If I plan to get married right now, it would be difficult to get the money for the bride price because I simply don’t have it. I have too much pride to borrow from family so I will probably just work hard and save my money.

I believe these marriage traditions and values exist because back then, in the old country, this was how they did it. I hope these values don’t disappear, no matter how disapproving I feel, because it’s still a part of who I am. But I don’t think the younger generation will continue the traditions because they are so complicated. Many of them can hardly speak the language. It will be hard to uphold these traditions, and that goes for me as well.

Second, getting married depends on the approval of the elders. In the community, a lot of elders know each other. Even if you are not related to each other, people still know each other.

If your family has a good reputation, then your family has to live up to that name and the sons in the family have to find wives who also have good family reputations. To uphold a good reputation, the children have to be educated and know the traditional cultural practices, such as how to do ceremonies, how to speak Hmong, and not be lazy.

But if you or your family is on a black list, it can be difficult for you to date a girl from a good family.

I know other cultures may have these same rules too, but it seems like they are so much more emphasized in the Hmong community.

If your parents did something wrong, you would have to prove to others that you won’t turn out the same way. Many Hmong elders judge you by how your parents behave. The same goes in the reverse. If you did something wrong, like committing crimes or doing drugs, your parents would be at fault and they would be viewed as bad people because they didn’t raise you right. That means you can ruin your family name.

When it comes to dating, a lot of Hmong parents have similar questions, “Do you really think she is pretty? Look at her hair, it’s like she is a gangster,” Or “Look at the way he is dressed,” or “Who are her parents?” There are plenty of things they will say and many of them are ridiculous. These comments are usually followed by, “No, you cannot date that person!”

Since a lot of parents and elders know one another, they can ask around and find out quickly about a person’s family background, and then they decide whether you can date that person or not.

One of the funniest reasons I’ve ever heard for not dating someone was a story I heard from a friend. This one boy asked his dad if he could date this girl. The dad asked for her parents’ names. Then, when he found out their name, the boy’s father said, “No way! Long ago [back in our homeland], their great-grandfather snuck into your great-grandfather’s farm and stole many of his chickens and his prized cow. They are very bad people!”

I think my family has a decent reputation. We don’t have a lot of family issues with others and we keep to ourselves. We don’t put ourselves out there to get a bad name. I remember we only had one major problem with another family but we resolved that problem with a marriage between my sister and one of their sons.
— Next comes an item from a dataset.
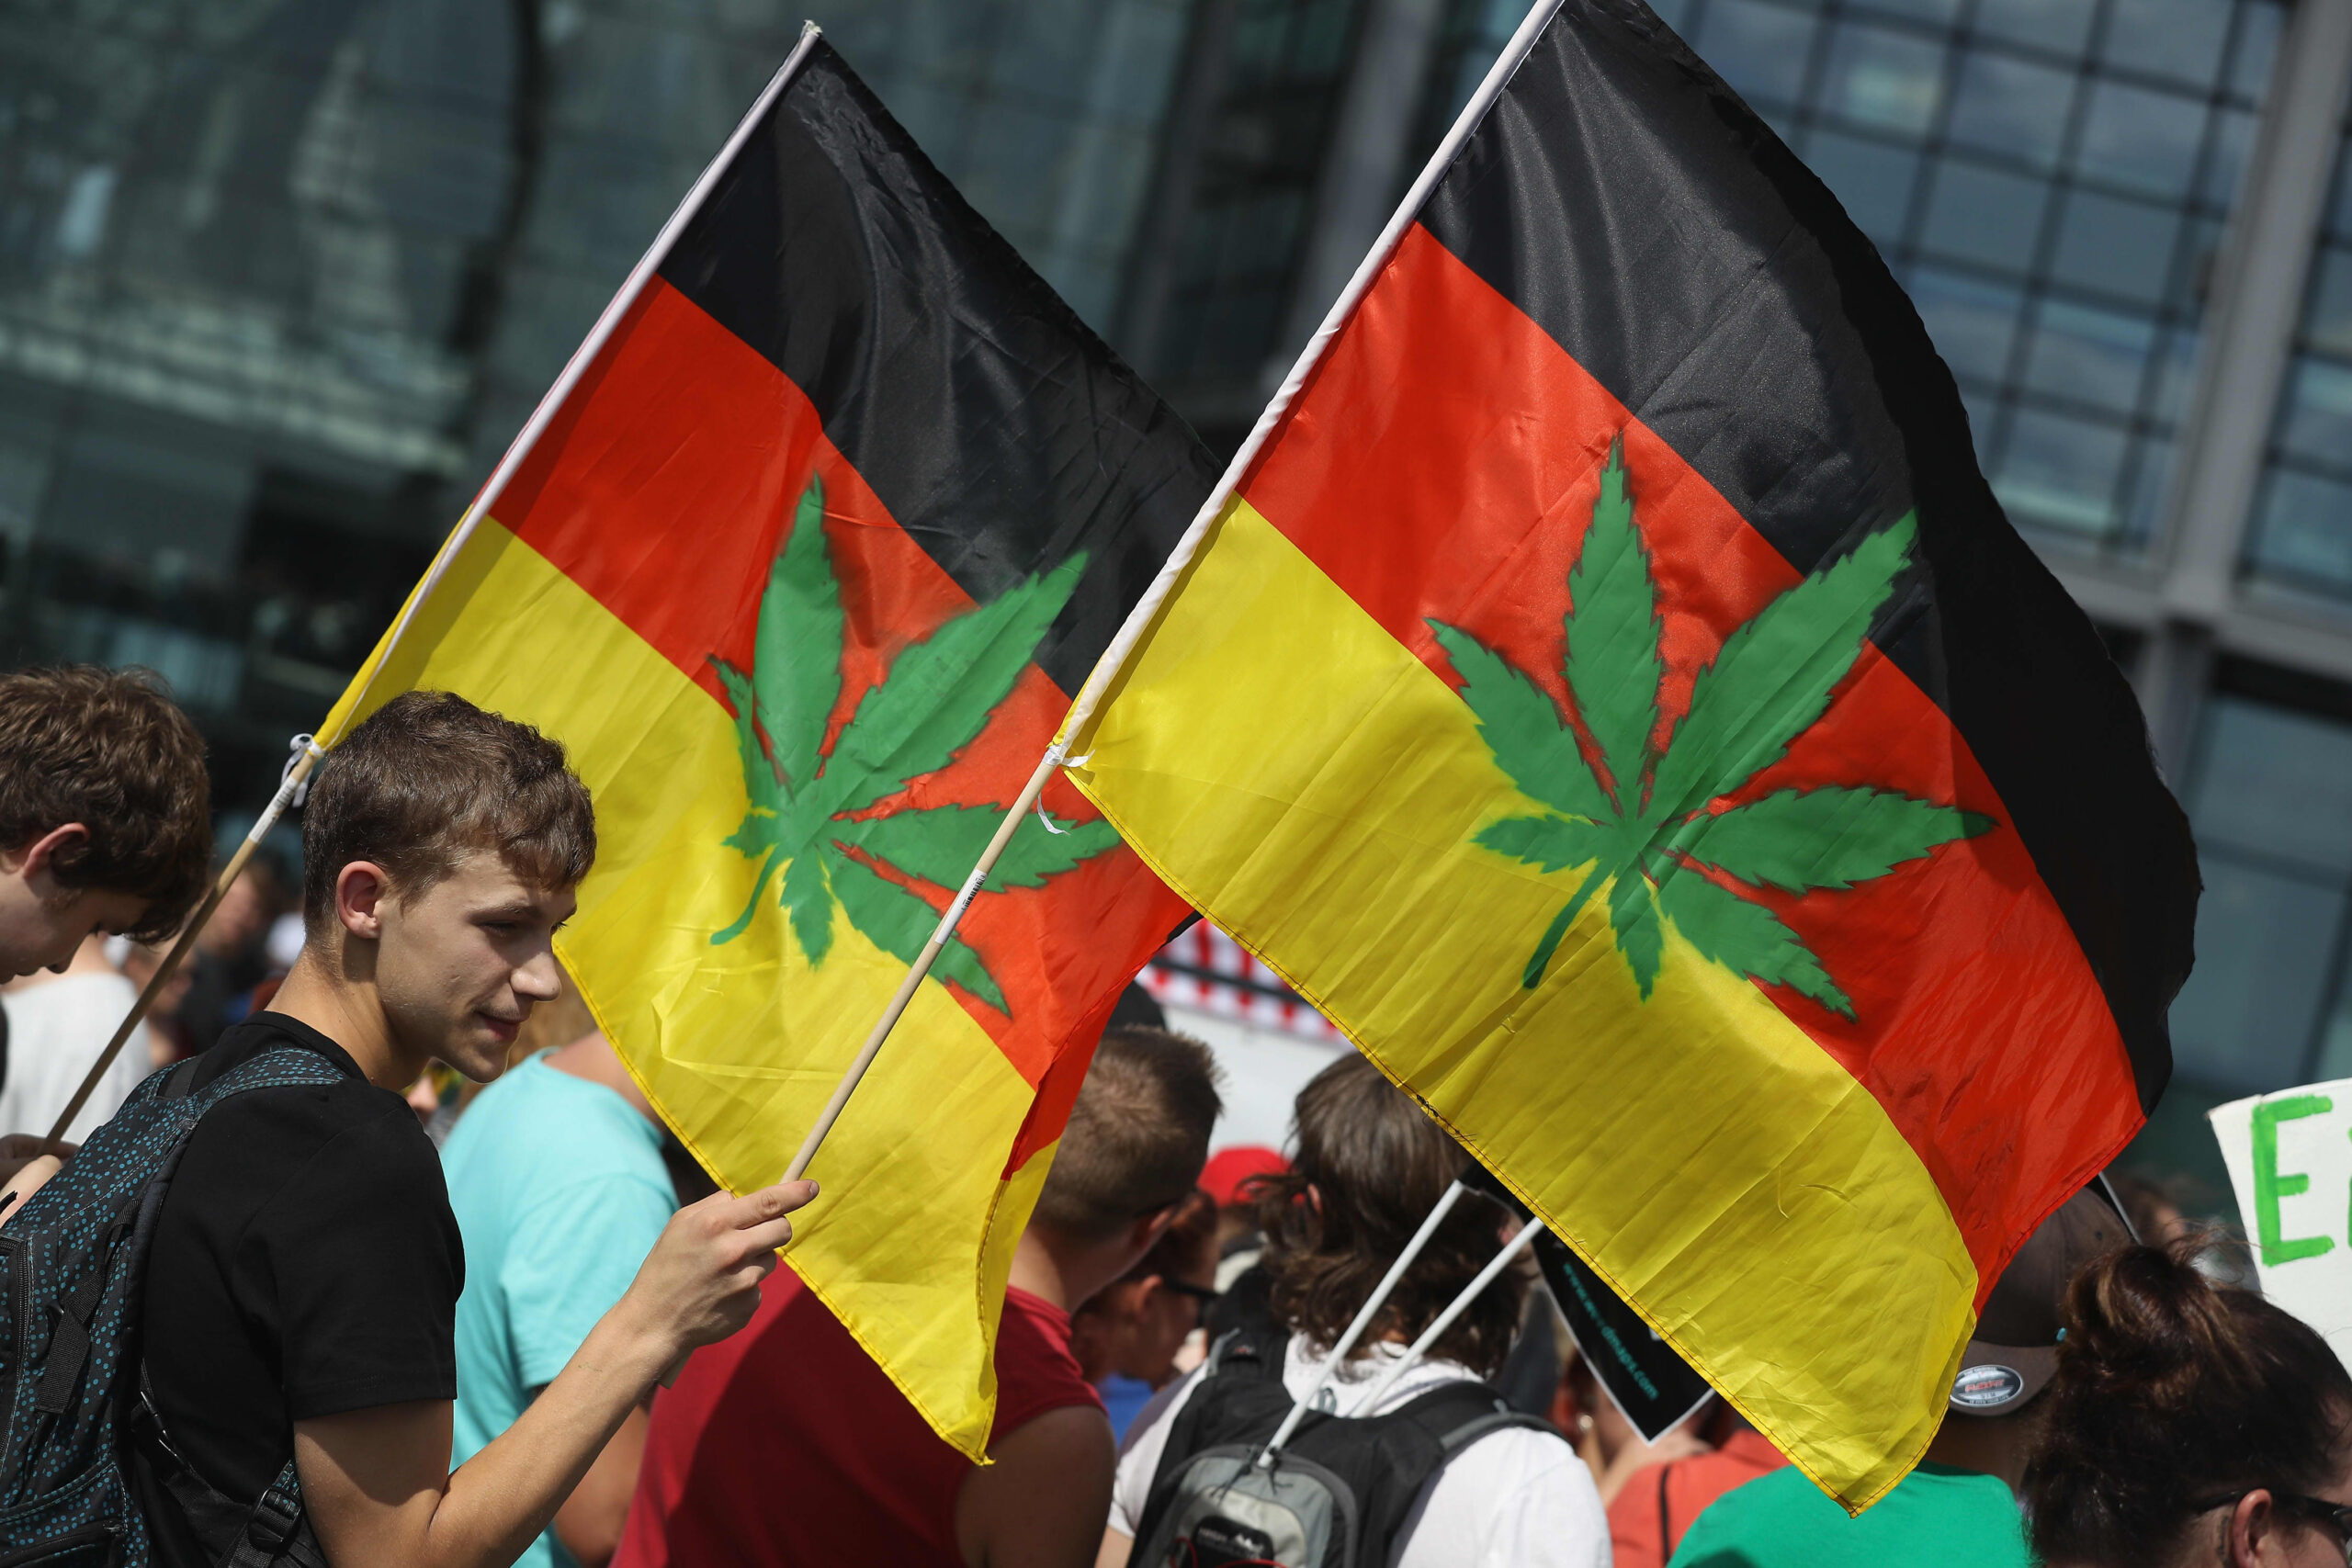 In Germania legalizzata la cannabis ricreativa

It wasn’t a forced marriage because they fell in love. It did create controversy at first because my dad hated their family, but my sister and the guy were in love. My parents did not want to interfere and so they allowed the marriage. They are loving parents, but they are strict.

I’m not so sure about my own situation. I’ve been with Sheng for about two years. We have our good times and our bad, but no matter what, we’re always there for each other. It hurts me to think that things might not work out for us in the future, even though right now, we have a pretty serious relationship. Sheng wants to get married some day. I feel very uncertain. I’m afraid I won’t be able to marry her because of strict family rules and of course money.

Plus, I don’t know what my father will think, if he will allow it.

I feel like my father’s opinion always has ruled over my own happiness. He will decide if I can get married or not. I am the youngest son in the family, which means I also bear the cultural responsibility of taking care of my parents, as they get older. I want to be happy, but I want them to be happy as well.

Sometimes I feel like I should just run away but I don’t want my parents to feel like I’ve run out on them. Also, I want my Hmong culture to be preserved in America. I won’t give it up, even if there are some things that frustrate me. But in the end, I know I will have to make some hard decisions and some tough sacrifices in order to be with Sheng.

 

Comments

 
Anonymous

Posted Jul 15 2010

whoa i see wat u mean man i got same prob..parents say no caz im white she green...why hating.....sighs parents

Anonymous

Posted Jul 18 2010

I am a hmong woman raised in a very traditional family. When I get marry, no one will have the option of buying me! There's no price on love, and if my family thinks they're receiving 5000 from my husband. They can think again. We're in America where an established marriage means coming together. I did four years of college, with thirty thousand dollars to pay back, and my husband is willing to help with that. We're not going to go broke before our life together even starts. If the hmong people wants to continue this tradition they need to go back to the old country. Many young hmong men and women born and raised in America will up rise against this, it's only a matter of time. You just don't understand, they are not paying the women's family for thanking them. We're being bought like pigs, husbands will think they have the rights to control us, beat us because we're their property! Haven't you read the news lately? Hmong families are getting so tempted by that money, they are selling their young daughters to older men! Those girls ages between 10-15 won't understand anything, just the fact of pleasing their family.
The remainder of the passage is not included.